In other news, we’ve decided to name the project INFRA. Short for infuanfu rapid accelerator. There’s also some code on Github which is almost certainly no use to anyone at this point.
Project INFRA #3
The borosilicate glass tubes arrived! So did the light barriers.
I quickly soldered a prototype on a piece of perfboard and hooked it up to my oscilloscope to measure the falling speed of anything I drop through the glass tube.
A rough calculation tells me I’m in the ball park and there should be enough accuracy to scale up to higher speeds which will be required for the actual coilgun setup.
Timing will later be done using an Atmel Atmega32U4 (probably) with options to go nuclear using a CPLD or maybe even an FPGA. No reason not to go insane ;-)
After all, I’ve got those components still around form a previous project.
Updates will follow.
Project Fronius Repair #3
The first batch of replacement components arrived and I started replacing a few here and there.
In the process of doing that I removed one of the larger circuit boards and noticed huge black smoke stain on the back. Turns out that one of several APT5010JVR power mosfets died.
On Digikey those go for 36 EUR. On Ebay however you can get them for as cheap as 14 EUR. Well, you do pay with longer shipping time (3 to 4 weeks).
Time to wait again…
Project INFRA #2
The second iteration of the coilgun project yielded in one awesome decision and one bad decision.
First the awesome decision: bronsen (who joined me in scaling up the coil gun) and I decided to get a proper high power capacitor. Specifically the Maxwell BCAP3000 that comes with a whopping 3000 F (note: no milli or micro here, proper Farads) capacitance.
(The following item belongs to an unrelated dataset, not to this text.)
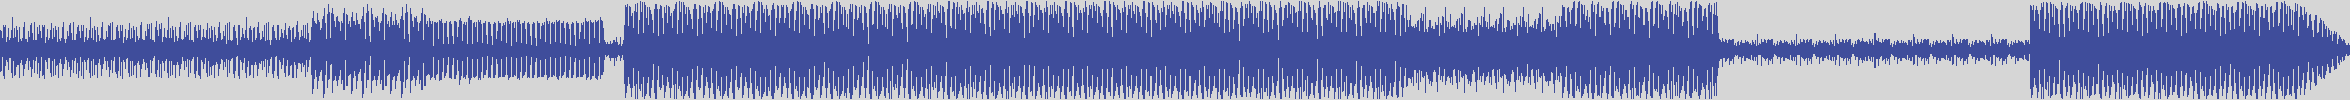 nf_boyz_records [NFY057] Waldo Scott - My Mac [Club Tribal Mix] audio wave form

It takes a “while” to charge it up (read: long minutes to few hours) depending on how much current you can provide.
However, the short circuit current of this beast is at around 10 kA thanks to a mere 0.28 mOhm ESR. Enough to use it for spot welding and melting of nails.
The bad decision we made was using 16 mm PVC tubing as a barrel.
The extra power we got from the huge capacitor was not enough to produce a magnetic field strong enough to get anywhere close the power we had with the small capacitor bank in the first iteration.
Also, with a capacitor of this size, we would not be able to simply shut down the magnetic field by waiting for the cap to discharge. It would simply take too long and produce way too much heat in the process.
So a means to actually switch such a high current was called for. The most powerful FET we found at Digikey was the IXYS IXTN600N04T2. It’s able to switch 40 V and up to 600 A. So we got a few :3
To measure the projectile speed and time the switching of the coil we decided to go for the bare bones solution using IR LEDs and suitable photo darlington detectors.
To attach the homebrew light barriers to the PVC tube, I quickly designed a clip-on holder in Inkscape and used the shackspace laser cutter to cut a prototype from birch plywood.
The light barrier turned out to be sub-par for the task. Especially the holes that had to be drilled into the tube were a bit tricky to manufacture. The most difficult part was sanding down the edges of the holes inside the PVC tube so that the projectile wont get stuck.
The next iteration will change two things:
- Replace the PVC tube with a borosilicate glas tube. It’s transparent so no holes have to be drilled.
- Replace the 16 mm sized tube with an 8 mm sized tube. This will result in a stronger magnetic field.
- Replace the homebrew light barrier with off the shelf 8 mm light barriers. No tricky alignment or mounting issues.
Practical Data Projection
Easterhegg is over and we had some printouts with personal data left. Mostly lists of names and a few notes taken during the event.
To make sure no personal data ends up in the wrong hands we decided to take the most fun solution and employed the process of rapid oxidization paired with mechanical agitation of the carbon fallout to ensure proper information disposal.